### [Excerpted data]
#####

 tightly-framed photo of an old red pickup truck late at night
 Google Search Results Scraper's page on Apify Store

#####

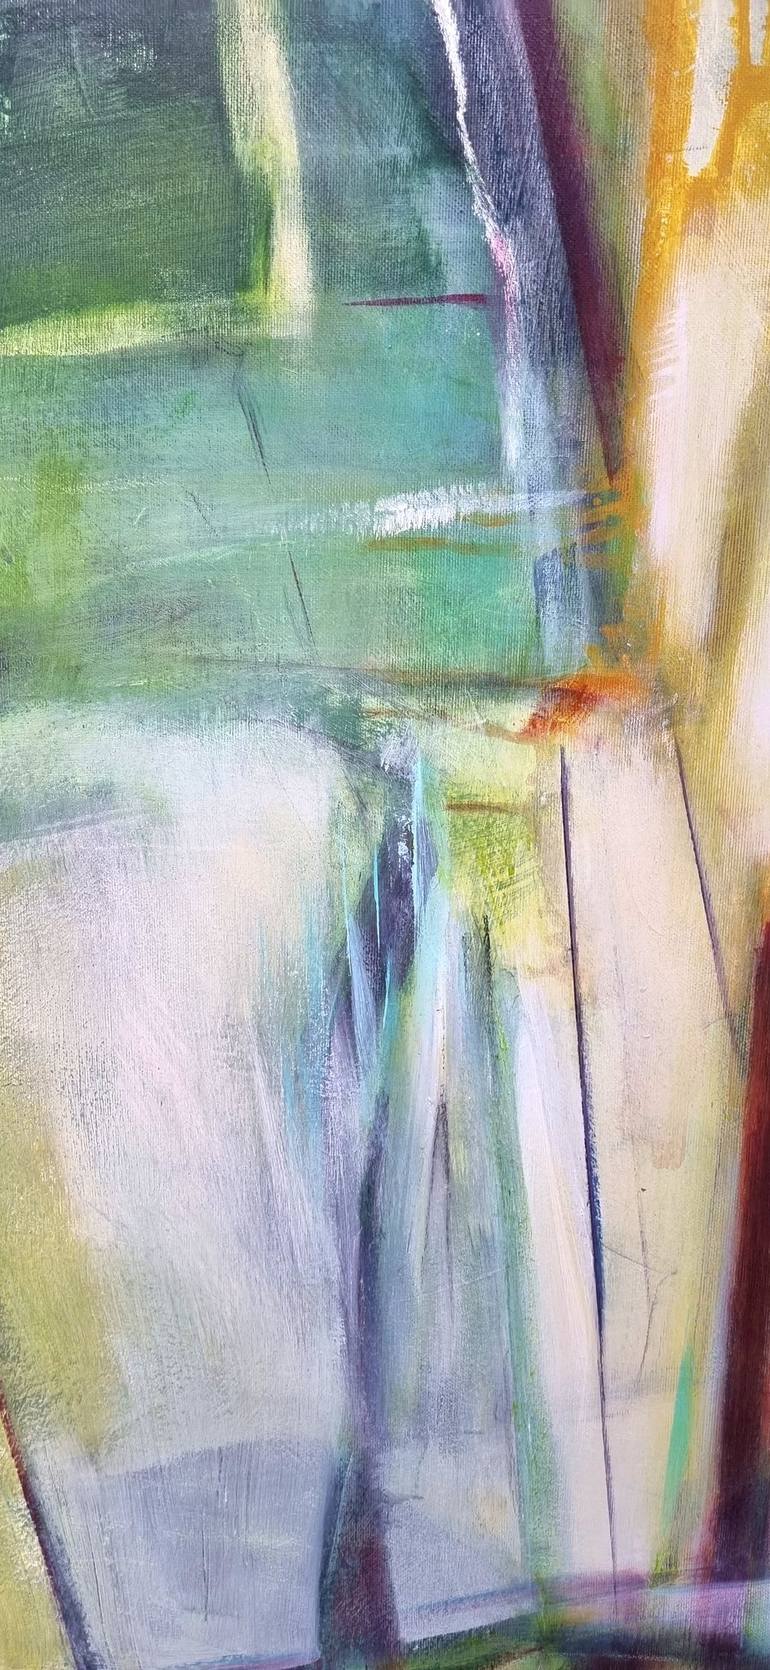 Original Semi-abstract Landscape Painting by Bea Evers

#####

What you return should be exactly the lines above, starting at the one with "tightly-framed photo of" and ending at the one with "Google Search Results", and nothing else.

### [Reply]
 tightly-framed photo of an old red pickup truck late at night
 Google Search Results Scraper's page on Apify Store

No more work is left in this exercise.